TL;DR

Lead Software Engineer (Quality & AI): Defining and implementing the quality strategy for Salesforce products with an accent on integrating cutting-edge AI technologies and ensuring the highest quality standards for enterprise applications. Focus on leveraging AI/ML to drive acceleration and accuracy in testing, evaluating LLM performance, and providing technical leadership to improve engineering excellence.

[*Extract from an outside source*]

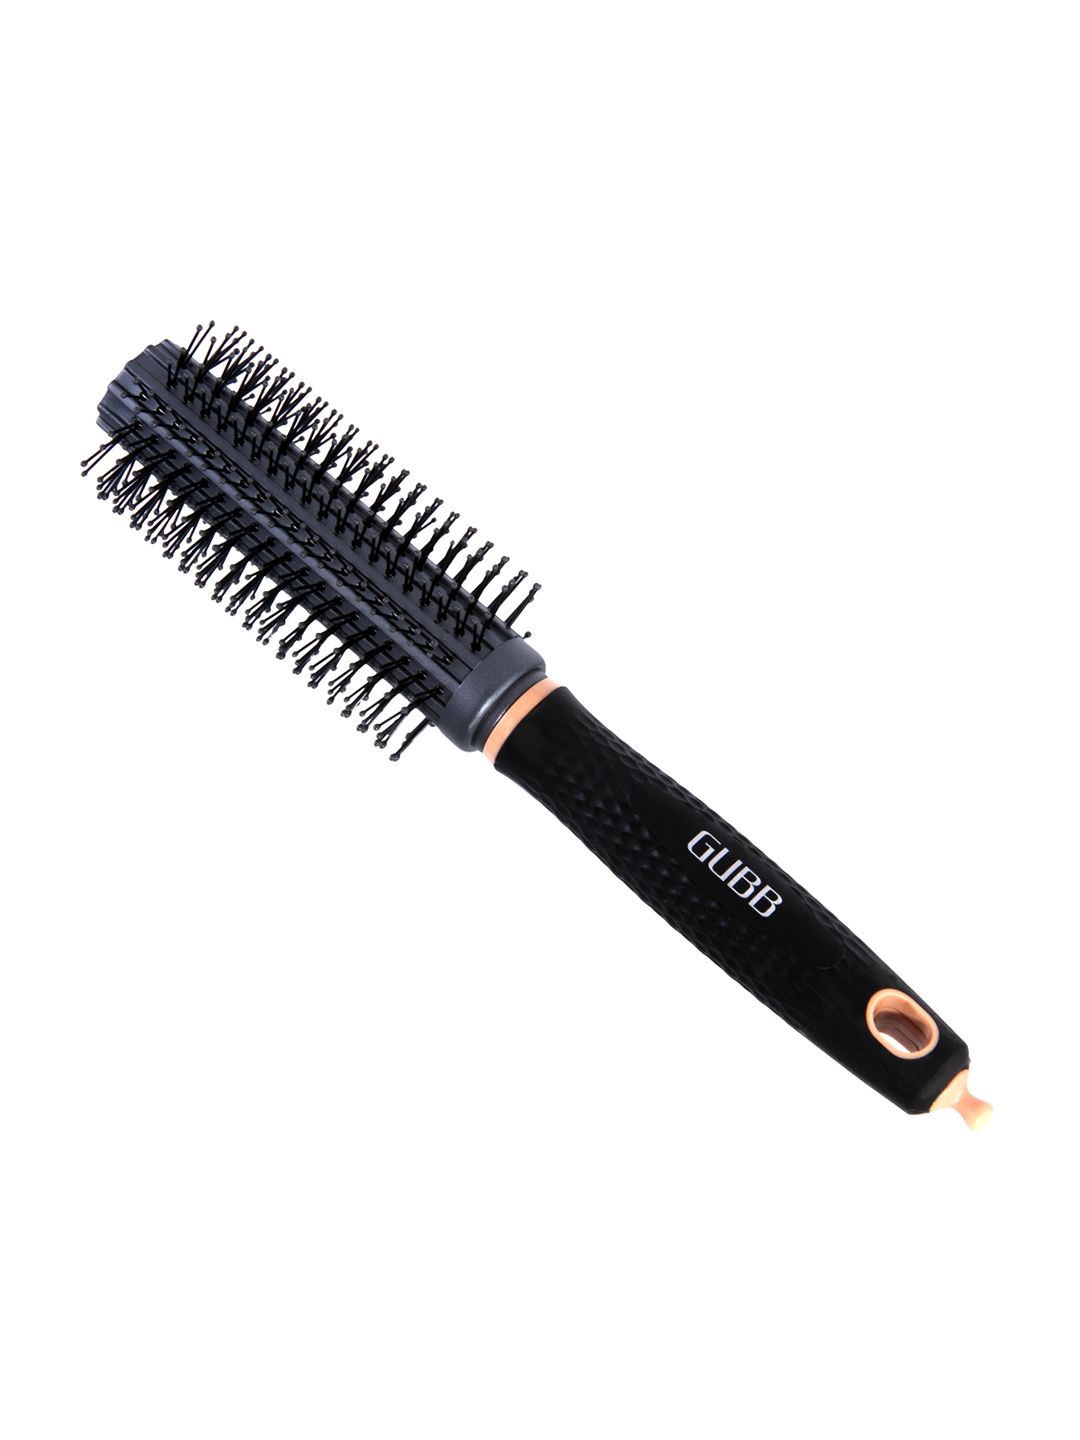 GUBB Unisex Black Round Hair Brush Comb With Pin Price in India

Location: Requires onsite presence in San Francisco, California office.

Company

Salesforce is a leading cloud-based software company specializing in customer relationship management (CRM) products.

What you will do

  • Drive innovation and adoption of AI/ML solutions in existing quality workflows, influencing engineering decisions.
  • Stay updated on AI/ML developments, focusing on their practical application and relevance to Salesforce.
  • Provide technical leadership for R&D, focusing on quality validation techniques and improving throughput.
  • Collaborate with data scientists and ML engineers to improve LLM performance based on quality testing.
  • Assess and optimize Large Language Models (LLMs) for quality, accuracy, relevance, and safety across various use cases.
  • Define and implement robust quality strategies for SaaS products with strong AI/ML and LLM integrations.

Requirements

  • 10+ years of experience in software development engineer in test or quality engineering.
  • Proficiency in Java programming languages with hands-on experience in testing frameworks.
  • Strong understanding of AI/ML principles, including model performance optimization, fine-tuning of Small Language Models, and model distillation.
  • Hands-on experience evaluating Large Language Models (LLMs) and familiarity with GPT-like models.
  • Ability to deliver practical solutions for an active user base, ensuring follow-up enhancements.
  • Excellent written and verbal communication skills and a related technical degree.

Nice to have

  • Prior experience in a Data Science, ML Science, or ML Engineering team.
  • Experience with ethical AI practices, evaluating models for interpretability, fairness, and bias.
  • Strong understanding of public cloud infrastructure (AWS/Azure/GCP) and Salesforce certification.

Culture & Benefits

  • Opportunity to drive innovation and positively influence engineering decision-making.
  • Focus on continuous engineering excellence and high business impact.
  • Mentorship opportunities, acting as a resource for engineers advancing to the next level.
  • Collaboration across industries and technology landscapes (CRM, Modern Data Stack, Analytics & BI, AI).
  • Work in a consultative fashion to improve communication, teamwork, and alignment across teams.